Excerpts from a dataset:
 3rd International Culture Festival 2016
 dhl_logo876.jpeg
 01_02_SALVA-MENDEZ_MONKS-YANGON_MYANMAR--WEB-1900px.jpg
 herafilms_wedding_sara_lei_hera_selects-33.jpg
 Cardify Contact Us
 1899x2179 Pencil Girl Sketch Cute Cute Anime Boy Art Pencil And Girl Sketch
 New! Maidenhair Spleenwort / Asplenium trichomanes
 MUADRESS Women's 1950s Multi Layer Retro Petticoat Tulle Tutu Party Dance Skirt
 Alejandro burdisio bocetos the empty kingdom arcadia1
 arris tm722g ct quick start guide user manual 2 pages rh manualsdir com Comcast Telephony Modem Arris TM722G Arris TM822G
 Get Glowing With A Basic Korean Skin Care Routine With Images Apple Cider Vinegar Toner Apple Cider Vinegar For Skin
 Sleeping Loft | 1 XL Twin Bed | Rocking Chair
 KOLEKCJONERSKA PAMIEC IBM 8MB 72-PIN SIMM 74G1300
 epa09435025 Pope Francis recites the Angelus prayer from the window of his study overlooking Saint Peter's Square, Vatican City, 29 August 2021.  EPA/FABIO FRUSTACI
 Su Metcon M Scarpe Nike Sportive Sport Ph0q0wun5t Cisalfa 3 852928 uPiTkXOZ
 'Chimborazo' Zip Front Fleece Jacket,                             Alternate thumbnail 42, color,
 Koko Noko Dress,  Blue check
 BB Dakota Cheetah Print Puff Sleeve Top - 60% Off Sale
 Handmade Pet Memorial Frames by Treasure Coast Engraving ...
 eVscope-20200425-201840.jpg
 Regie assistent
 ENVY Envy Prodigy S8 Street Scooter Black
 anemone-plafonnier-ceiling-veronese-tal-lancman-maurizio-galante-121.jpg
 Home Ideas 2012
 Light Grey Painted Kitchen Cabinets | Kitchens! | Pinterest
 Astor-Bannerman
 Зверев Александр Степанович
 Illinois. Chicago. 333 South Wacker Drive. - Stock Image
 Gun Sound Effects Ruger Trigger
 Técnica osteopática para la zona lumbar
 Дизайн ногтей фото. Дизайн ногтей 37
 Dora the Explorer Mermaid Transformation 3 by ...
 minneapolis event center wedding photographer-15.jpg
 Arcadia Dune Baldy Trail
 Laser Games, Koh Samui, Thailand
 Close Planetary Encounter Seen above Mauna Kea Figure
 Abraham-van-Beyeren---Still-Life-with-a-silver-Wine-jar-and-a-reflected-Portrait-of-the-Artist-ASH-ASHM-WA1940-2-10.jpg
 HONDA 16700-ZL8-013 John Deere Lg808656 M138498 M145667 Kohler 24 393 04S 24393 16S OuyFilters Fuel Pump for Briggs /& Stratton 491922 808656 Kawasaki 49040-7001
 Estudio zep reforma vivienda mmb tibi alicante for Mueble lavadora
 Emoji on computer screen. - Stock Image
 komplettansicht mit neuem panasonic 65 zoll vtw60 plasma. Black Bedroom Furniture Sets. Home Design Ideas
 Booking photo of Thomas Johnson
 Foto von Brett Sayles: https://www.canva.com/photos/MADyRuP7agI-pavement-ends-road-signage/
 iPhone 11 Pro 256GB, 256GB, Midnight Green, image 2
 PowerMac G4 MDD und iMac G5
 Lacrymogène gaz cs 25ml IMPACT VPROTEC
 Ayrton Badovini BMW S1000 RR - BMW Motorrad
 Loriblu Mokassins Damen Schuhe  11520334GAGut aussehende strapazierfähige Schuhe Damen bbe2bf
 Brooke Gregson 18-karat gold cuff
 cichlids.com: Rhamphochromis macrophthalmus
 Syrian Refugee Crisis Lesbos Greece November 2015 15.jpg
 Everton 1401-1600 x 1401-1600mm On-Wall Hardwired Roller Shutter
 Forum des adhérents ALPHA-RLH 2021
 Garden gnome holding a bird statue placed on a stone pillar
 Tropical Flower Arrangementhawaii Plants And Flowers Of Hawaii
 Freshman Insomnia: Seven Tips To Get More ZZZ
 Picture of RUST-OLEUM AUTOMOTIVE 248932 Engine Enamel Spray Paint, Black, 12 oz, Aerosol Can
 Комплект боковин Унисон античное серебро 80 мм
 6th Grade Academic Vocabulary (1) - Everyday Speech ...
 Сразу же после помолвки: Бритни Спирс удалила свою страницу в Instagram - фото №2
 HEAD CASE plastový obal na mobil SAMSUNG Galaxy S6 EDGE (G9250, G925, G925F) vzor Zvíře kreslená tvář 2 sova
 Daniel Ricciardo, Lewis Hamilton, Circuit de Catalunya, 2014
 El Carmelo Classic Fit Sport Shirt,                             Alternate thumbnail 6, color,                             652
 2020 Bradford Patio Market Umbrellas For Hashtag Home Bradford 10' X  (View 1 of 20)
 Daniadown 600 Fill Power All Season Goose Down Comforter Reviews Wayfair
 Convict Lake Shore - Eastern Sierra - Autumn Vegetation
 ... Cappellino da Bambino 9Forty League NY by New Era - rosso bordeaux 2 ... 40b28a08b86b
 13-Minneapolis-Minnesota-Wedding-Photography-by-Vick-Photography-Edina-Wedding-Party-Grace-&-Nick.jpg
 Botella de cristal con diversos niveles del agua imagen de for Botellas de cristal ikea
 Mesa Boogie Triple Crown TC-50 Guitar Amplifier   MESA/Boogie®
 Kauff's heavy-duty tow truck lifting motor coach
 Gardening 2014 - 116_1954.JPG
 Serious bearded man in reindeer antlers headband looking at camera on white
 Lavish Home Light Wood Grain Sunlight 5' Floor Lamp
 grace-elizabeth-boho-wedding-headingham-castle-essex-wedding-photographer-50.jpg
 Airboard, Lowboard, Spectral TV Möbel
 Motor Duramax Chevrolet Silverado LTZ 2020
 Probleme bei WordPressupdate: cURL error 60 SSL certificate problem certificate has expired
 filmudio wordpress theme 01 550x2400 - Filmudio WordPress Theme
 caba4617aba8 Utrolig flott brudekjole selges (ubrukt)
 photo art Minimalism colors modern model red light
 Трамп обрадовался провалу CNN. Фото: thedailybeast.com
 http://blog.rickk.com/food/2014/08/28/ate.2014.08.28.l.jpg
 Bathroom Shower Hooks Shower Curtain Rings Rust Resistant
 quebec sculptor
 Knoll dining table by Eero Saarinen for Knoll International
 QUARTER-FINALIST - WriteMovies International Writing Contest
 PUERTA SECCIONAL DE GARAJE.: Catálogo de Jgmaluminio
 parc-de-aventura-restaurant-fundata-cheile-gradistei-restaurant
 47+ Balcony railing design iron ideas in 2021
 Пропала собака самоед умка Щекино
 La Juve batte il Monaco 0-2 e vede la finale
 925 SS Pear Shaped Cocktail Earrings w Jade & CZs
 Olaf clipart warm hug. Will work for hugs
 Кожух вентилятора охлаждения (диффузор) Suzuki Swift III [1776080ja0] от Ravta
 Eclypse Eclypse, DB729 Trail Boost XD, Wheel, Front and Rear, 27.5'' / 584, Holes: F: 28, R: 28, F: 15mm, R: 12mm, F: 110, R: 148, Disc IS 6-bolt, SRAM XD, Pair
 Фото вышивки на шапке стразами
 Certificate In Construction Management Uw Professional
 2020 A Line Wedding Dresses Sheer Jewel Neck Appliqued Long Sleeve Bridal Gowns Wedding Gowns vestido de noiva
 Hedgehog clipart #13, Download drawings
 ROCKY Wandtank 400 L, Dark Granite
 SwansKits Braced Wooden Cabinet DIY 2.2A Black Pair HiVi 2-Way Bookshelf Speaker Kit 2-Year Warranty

» WORK INSTRUCTION:
Looking at the entries above, can you reproduce exactly the lines from the one that holds "Eclypse Eclypse, DB729" through the one that holds "Certificate In Construction", and only those?

» RESULT:
 Eclypse Eclypse, DB729 Trail Boost XD, Wheel, Front and Rear, 27.5'' / 584, Holes: F: 28, R: 28, F: 15mm, R: 12mm, F: 110, R: 148, Disc IS 6-bolt, SRAM XD, Pair
 Фото вышивки на шапке стразами
 Certificate In Construction Management Uw Professional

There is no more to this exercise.